3. [`run_pdf_chat.py`](examples/pdf_chat/run_demo.py): A more comprehensive example demonstrating upload and chat with a more realistic pdf.
    ```bash
    # Ingest pdf
    poetry run python -m examples.pdf_chat.run_demo ingest

    # Ask a question
    poetry run python -m examples.pdf_chat.run_demo search "What are the key themes of Meditations?"
    ```

4. [`web`](web/package.json): A web application which is meant to accompany the framework to provide visual intelligence.
    ```bash
    cd web && pnpm install
    # Serve the web app
    pnpm dev
    ```


## Demonstration

https://github.com/SciPhi-AI/r2r/assets/68796651/c648ab67-973a-416a-985e-2eafb0a41ef0

## Community
[Join our Discord server!](https://discord.gg/p6KqD2kjtB)

## Core Abstractions

The framework primarily revolves around three core abstractions:

- The **Ingestion Pipeline**: Facilitates the preparation of embeddable 'Documents' from various data formats (json, txt, pdf, html, etc.).
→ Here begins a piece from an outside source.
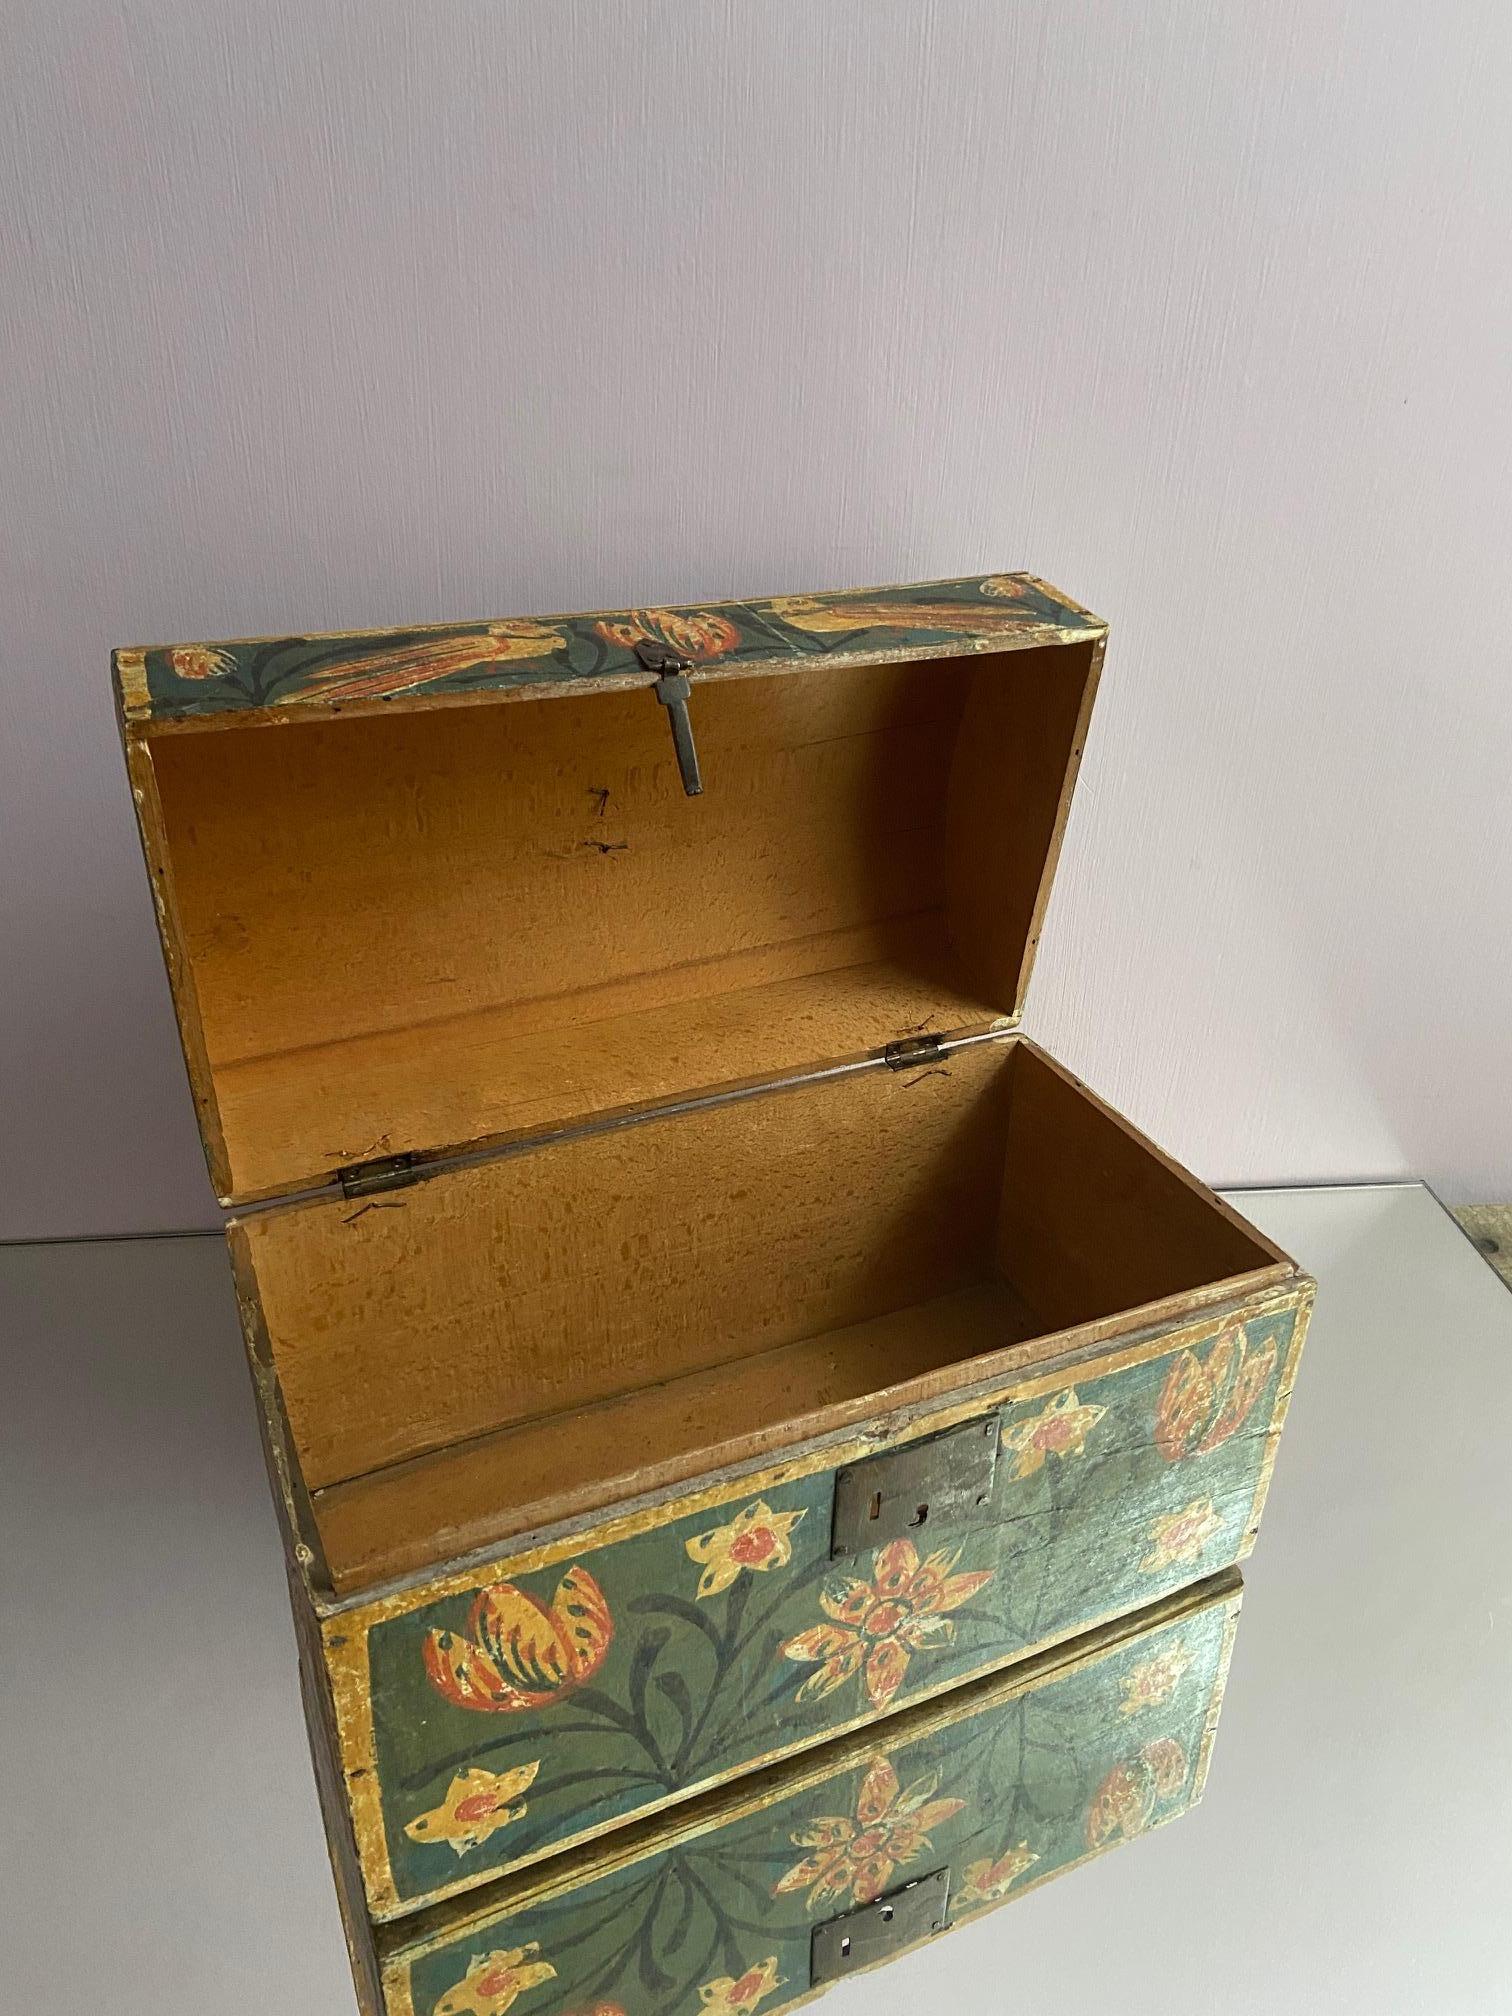 Hand-Painted Vintage Wooden Wedding Chest with Hand Painted Flowers, France, 19th Century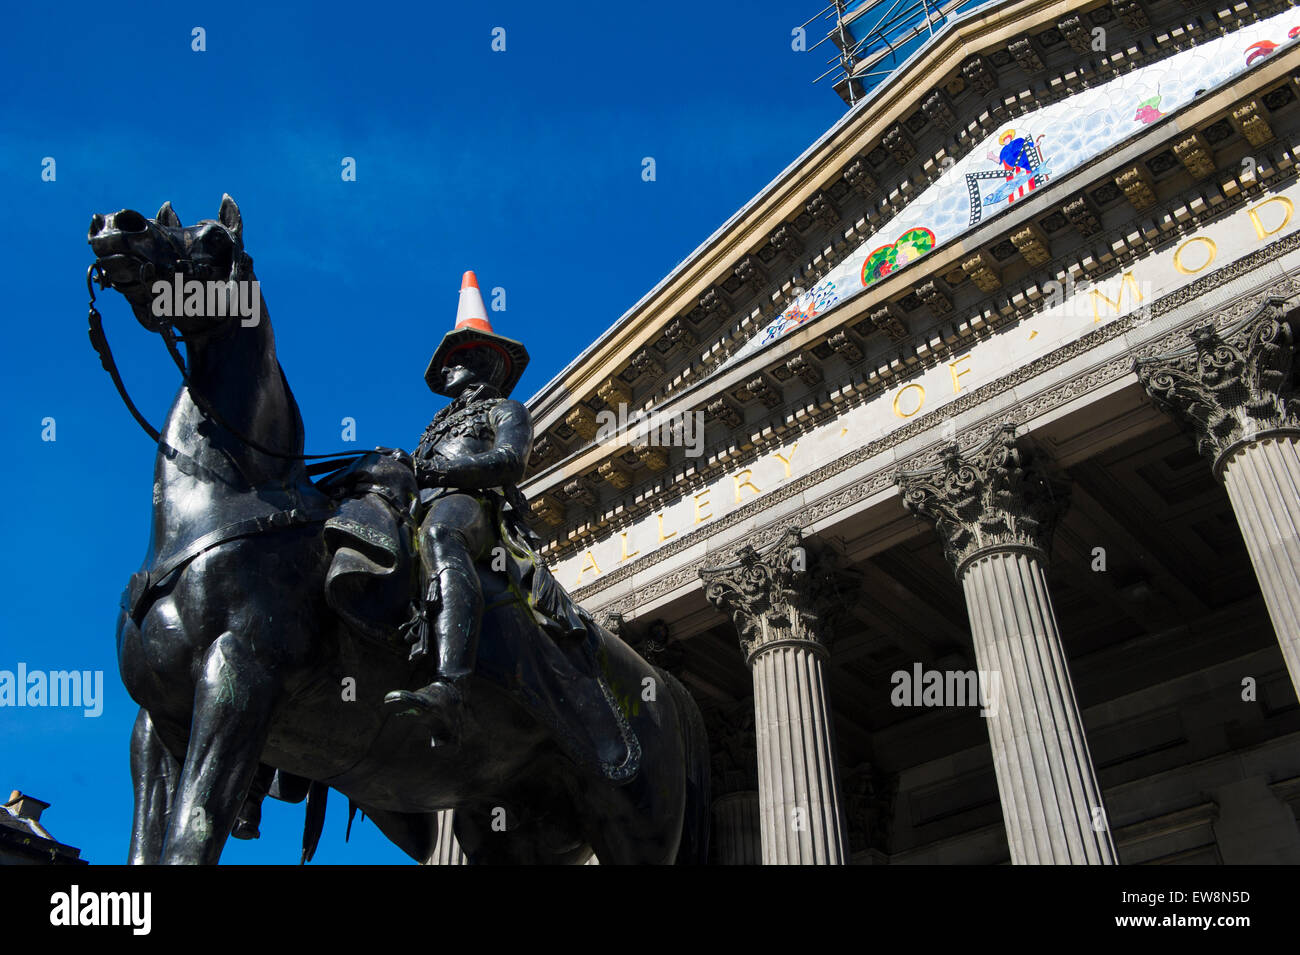 Statue of Duke of Wellington with traffic cones outside Museum of Modern Art Glasgow Scotland with a traffic cone on his head Stock Photo

The abstraction can be found in [`ingestion.py`](r2r/core/pipelines/ingestion.py).

- The **Embedding Pipeline**: Manages the transformation of text into stored vector embeddings, interacting with embedding and vector database providers through a series of steps (e.g., extract_text, transform_text, chunk_text, embed_chunks, etc.). The abstraction can be found in [`embedding.py`](r2r/core/pipelines/embedding.py).

- The **RAG Pipeline**: Works similarly to the embedding pipeline but incorporates an LLM provider to produce text completions. The abstraction can be found in [`rag.py`](r2r/core/pipelines/rag.py).

Each pipeline incorporates a logging database for operation tracking and observability.